Nifty was boosted by ICICI Bank (NS: ICBK ), Bharti Airtel (NS: BRTI ) (upbeat December subscriber additions, 4G spectrum auction, and SC appeal to reconsider AGR calculation), Power Grid (NS: PGRD ), Kotak Mahindra (NS: KTKM ) Bank Ltd. (BO: KTKM ), and Hindalco Industries Ltd. (NS: HALC ). Nifty was also dragged by Reliance Industries Ltd (NS: RELI ) (Future retail deal uncertainty and legal tussles over the destruction of its telecom assets by agitating farmers), ITC (NS: ITC ) (concern of raising the minimum smoking age to 21 and strict prohibition of loose cigarette sales), TCS (NS: TCS ), Infosys Ltd (NS: INFY ) and HDFC (NS: HDFC ). ONGC (NS: ONGC ) jumped on higher crude oil prices, while Titan (NS: TITN ) soared on upbeat guidance as the sales touched pre-COVID levels.

Bottom line:

Looking ahead, apart from local cues, all focus will be also on global cues, especially the outcome of two Georgia Senate seat elections (U.S.). As per the preliminary trend, Democrats are leading and may be able to win both seats, which will eventually allow Biden to control Senate and it will be a trifecta, albeit with a razor-thin margin. Under such a scenario, risk assets may be boosted by the prospect of CARES Act 3.0, less hawkish trade/cold war policies on China/EU. But at the same time, the market may be also concerned about Biden’s election agenda/some socialistic policies like a higher tax on super-riches and corporates.

As the Biden majority is wafer-thin, he may prefer bipartisan agreement in all major policy matters to balance everything between COVID reliefs, fiscal prudence, re-regulations, and employment. Thus, apart from limited CARES Act 3.0 and a bipartisan infra stimulus (including green stimulus), there may not be any major policy change by Biden in the foreseeable future (like tax hikes, ban of oil fracking). Biden may not take any pre-emptive steps like corporate tax hikes in the midst of a pandemic, at least till 2024, the next U.S. election.

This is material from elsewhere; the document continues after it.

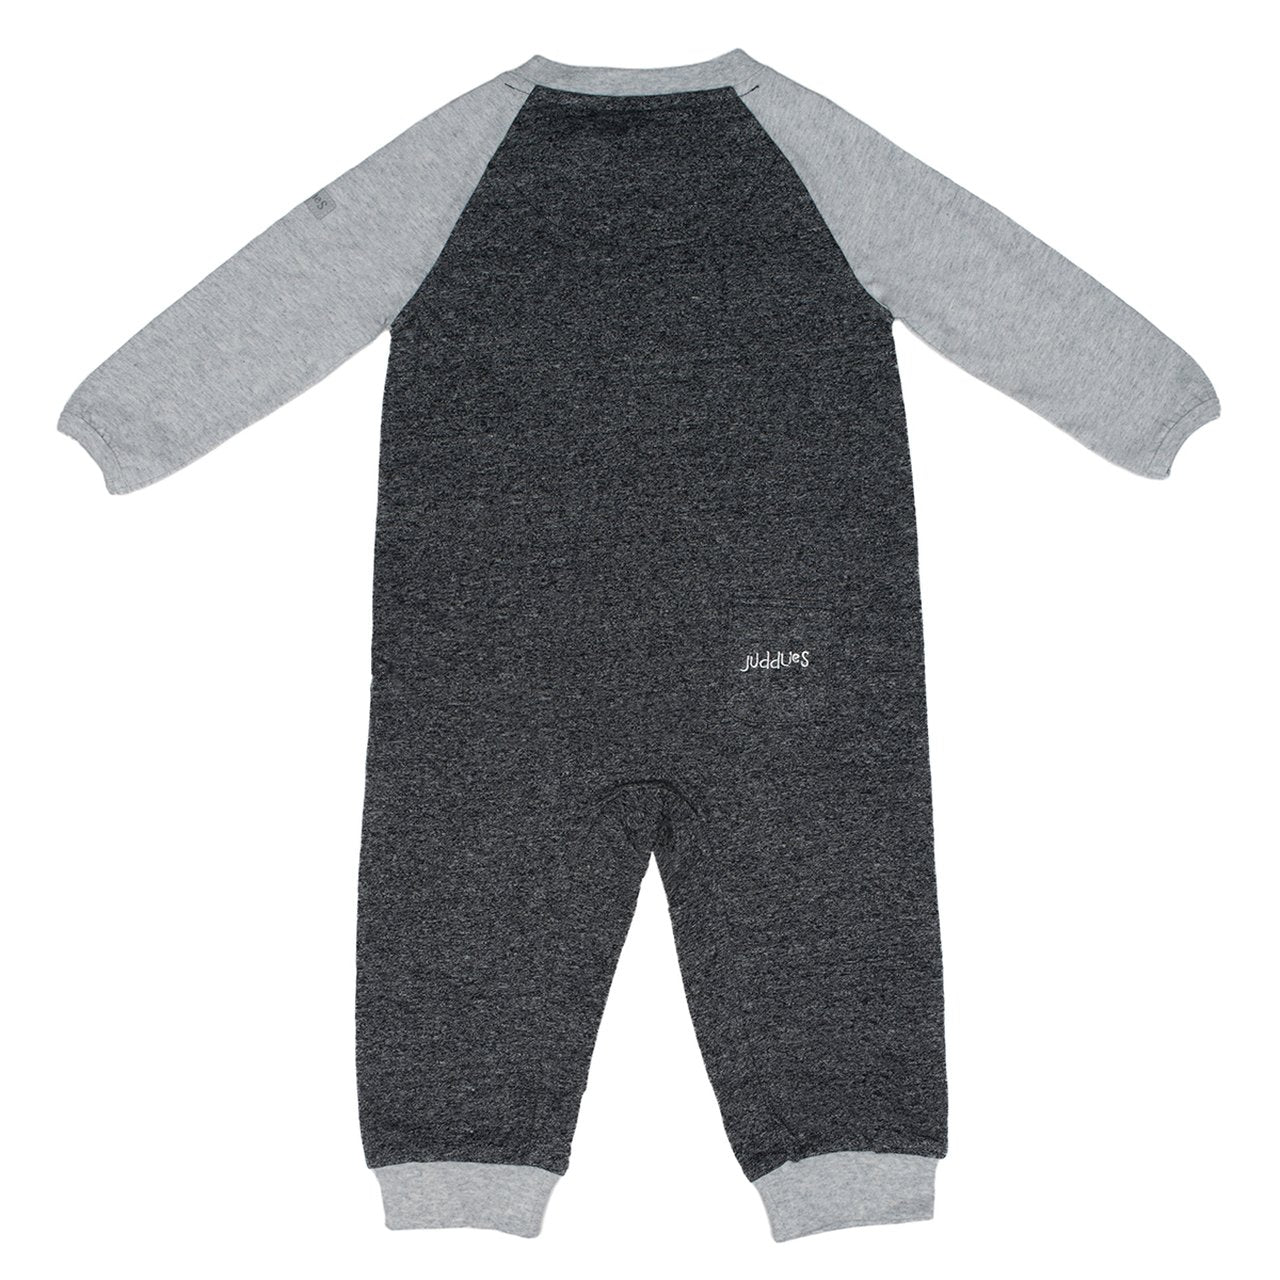 Juddlies - Organic Baby Playsuit Sleepsuit with Double Zip - Raglan Collection - Graphite Black/Grey - Stylemykid.com

But, Biden has to clarify his policies (Bidenomics) clearly; otherwise, risk assets may correct to some extent. Also, Trump’s consistent effort to undermine the November election result and his policy of 11th-hour chaos may affect the risk assets to some extent till at least 20th January, his scheduled exit day from the White House. Trump is now almost desperate to teach a last-minute lesson to China and Iran. Trump banned various Chinese payment gateway companies (payment bank) and also delisting various Chinese telecom companies for the sake of ‘national security’. In his first few weeks, Biden has to do a lot in reversing Trump’s bellicose policies, especially on China, Iran, and many others.

Technical View (Nifty, Bank Nifty , and USDINR-I):

Technically, whatever may be the narrative, Nifty Future now needs to sustain over 14225-14275 zones for the next leg of the rally; otherwise, it may correct to 13800 areas. For Bank Nifty Future, the breakouts levels are now around 31600-31800, while positional support around 28800 levels.